Work order —
Your output should be the lines below from the one with "Le Goûter 2.0" through the one with "Assise au Chapeau", copied exactly, pictures excluded.

[Recorded information Boundary: Start]

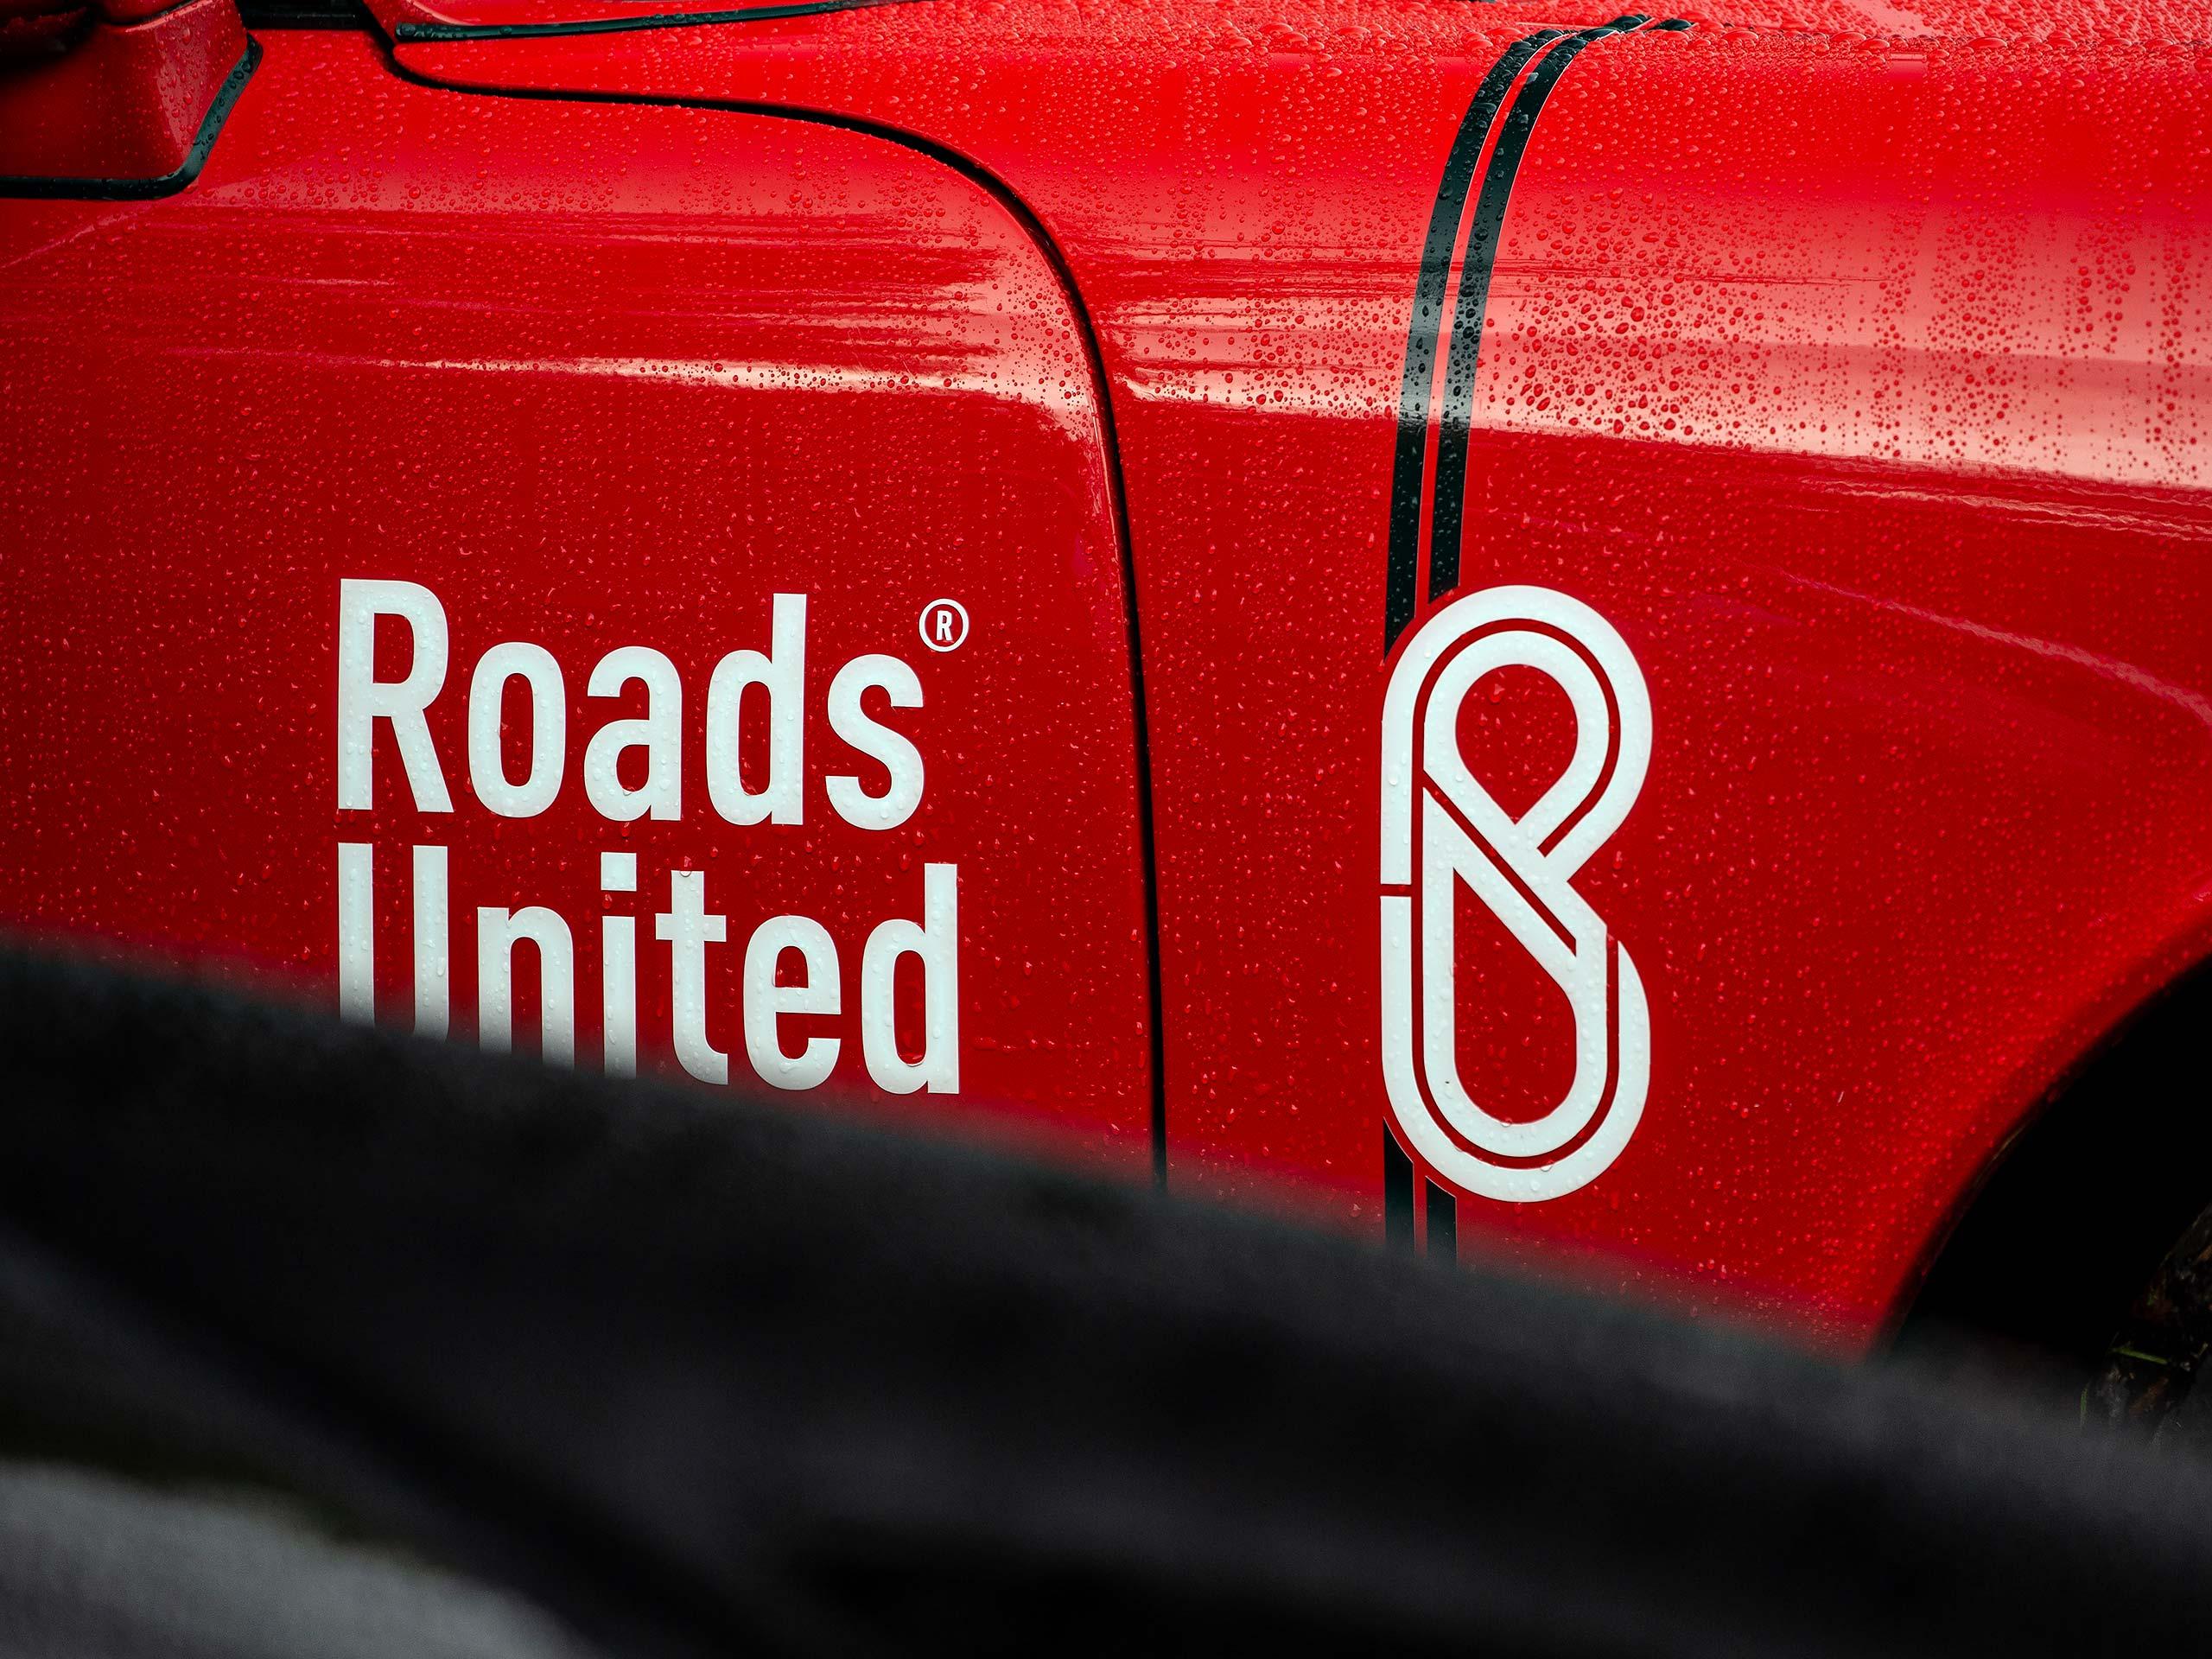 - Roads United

[Recorded information Boundary: End]
[Recorded information Boundary: Start]

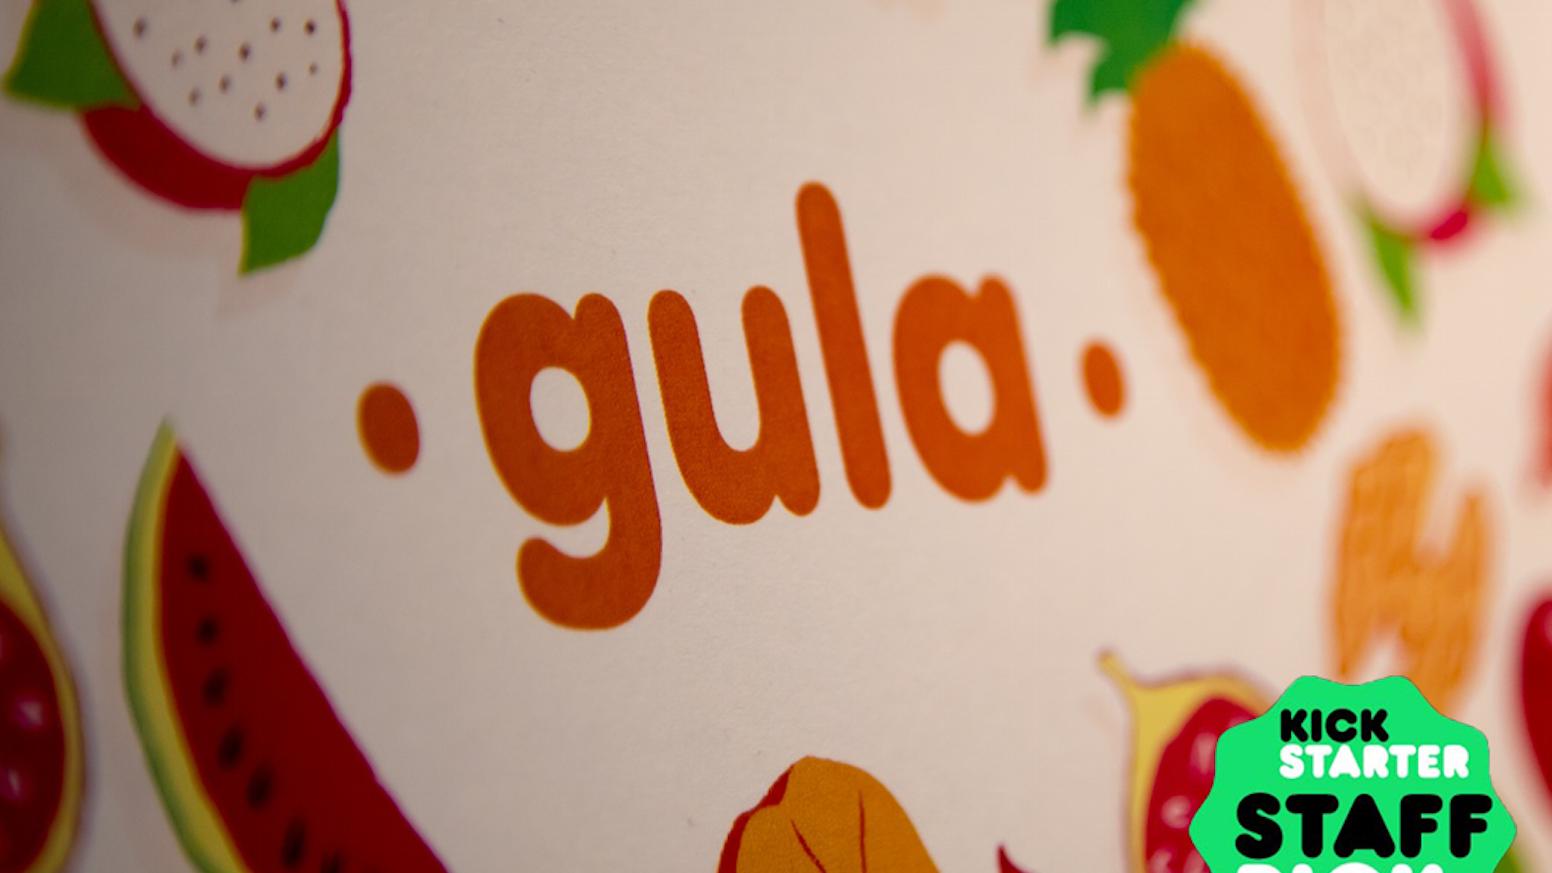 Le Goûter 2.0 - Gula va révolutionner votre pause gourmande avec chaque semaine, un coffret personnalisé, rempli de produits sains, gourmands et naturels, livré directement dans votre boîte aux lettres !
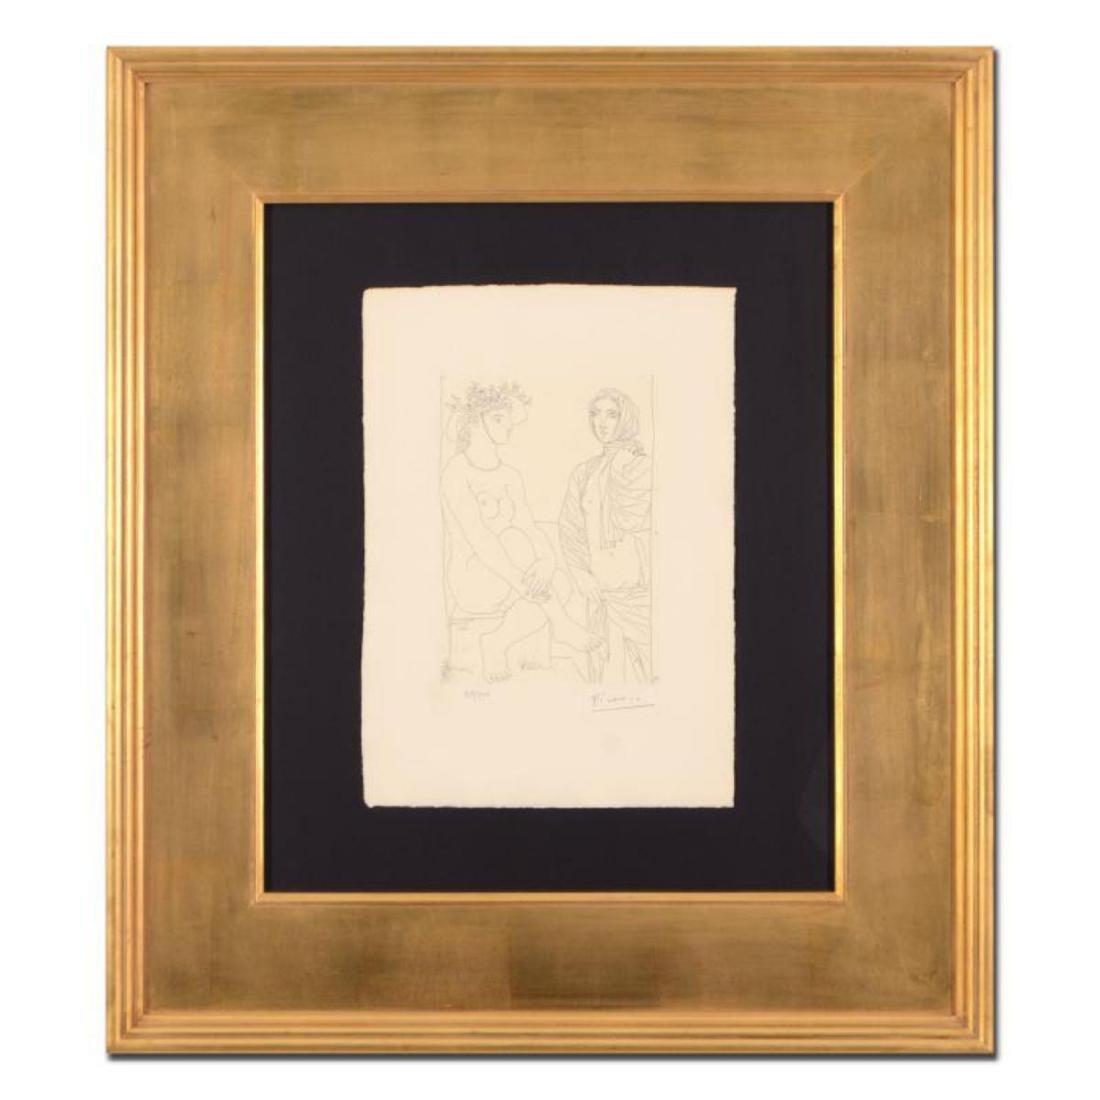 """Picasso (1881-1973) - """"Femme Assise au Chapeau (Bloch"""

[Recorded information Boundary: End]
[Recorded information Boundary: Start]

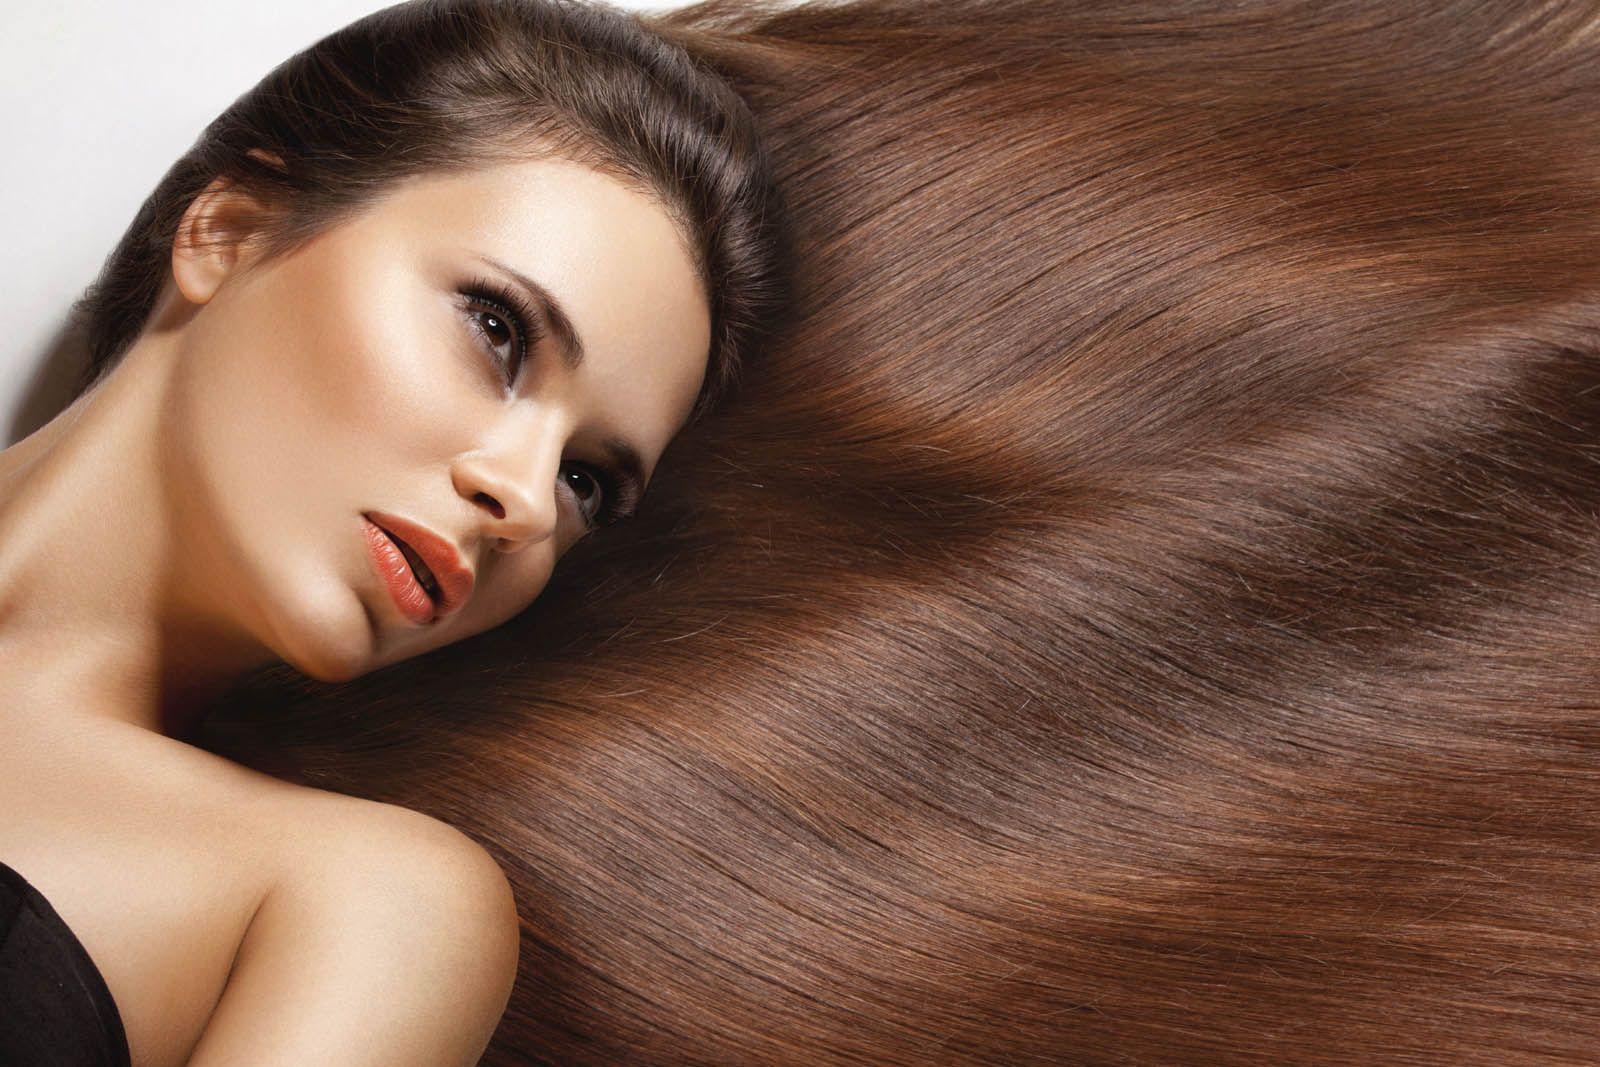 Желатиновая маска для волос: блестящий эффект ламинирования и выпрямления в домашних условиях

[Recorded information Boundary: End]

Solution for this exercise —
 Le Goûter 2.0 - Gula va révolutionner votre pause gourmande avec chaque semaine, un coffret personnalisé, rempli de produits sains, gourmands et naturels, livré directement dans votre boîte aux lettres !
 """Picasso (1881-1973) - """"Femme Assise au Chapeau (Bloch"""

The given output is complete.